Add unit tests for hash sample optimization

* Instead of keeping md5 samples separate, merge them as one hash computed from the various selected chunks we picked. * We don't need to keep a boolean to see whether or not the user chose to optimize; we can simply compare the value of the threshold, since 0 means no optimization currently active.
2026-01-22 14:41:39 +00:00 · 2021-06-21 22:44:05 +02:00
parent e07dfd5955
commit 277bc3fbb8
7 changed files with 152 additions and 43 deletions
--- a/core/engine.py
+++ b/core/engine.py
@@ -286,7 +286,8 @@ def getmatches(
 def getmatches_by_contents(files, bigsize=0, j=job.nulljob):
    """Returns a list of :class:`Match` within ``files`` if their contents is the same.

-    :param bigsize: The size in bytes over which we consider files too big for a full md5.

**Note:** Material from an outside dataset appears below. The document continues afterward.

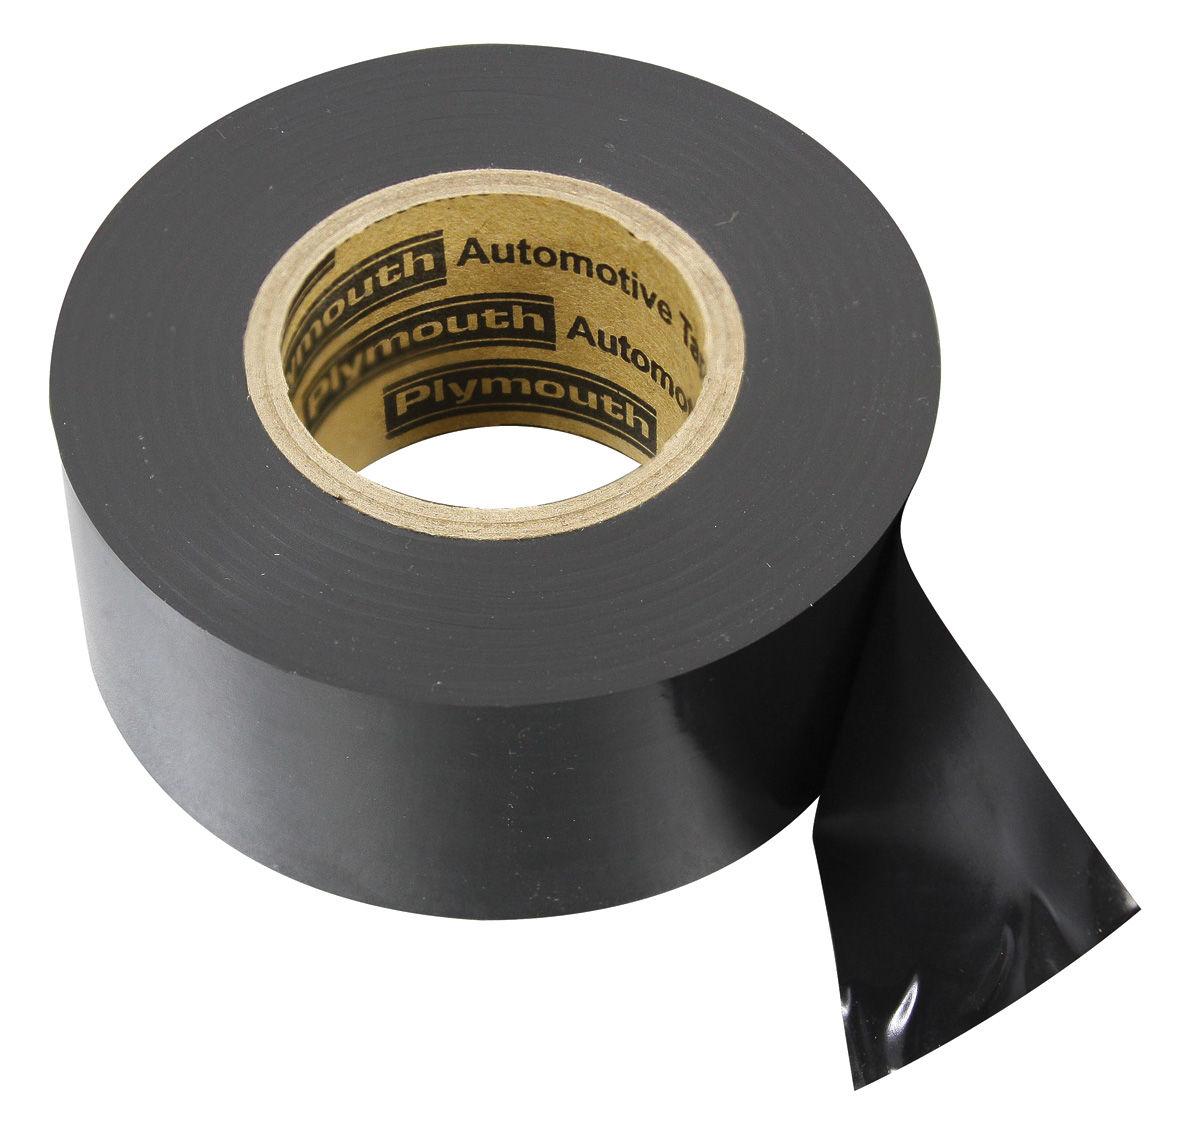 Chevelle wire harness tape original equipment

+    :param bigsize: The size in bytes over which we consider files big enough to
+                    justify taking samples of md5. If 0, compute md5 as usual.
    :param j: A :ref:`job progress instance <jobs>`.
    """
    size2files = defaultdict(set)
@@ -304,7 +305,6 @@ def getmatches_by_contents(files, bigsize=0, j=job.nulljob):
                continue  # Don't spend time comparing two ref pics together.
            if first.md5partial == second.md5partial:
                if bigsize > 0 and first.size > bigsize:
-                    print(f"first md5chunks {first} {first.md5samples}, second {second} {second.md5samples}")
                    if first.md5samples == second.md5samples:
                        result.append(Match(first, second, 100))
                else: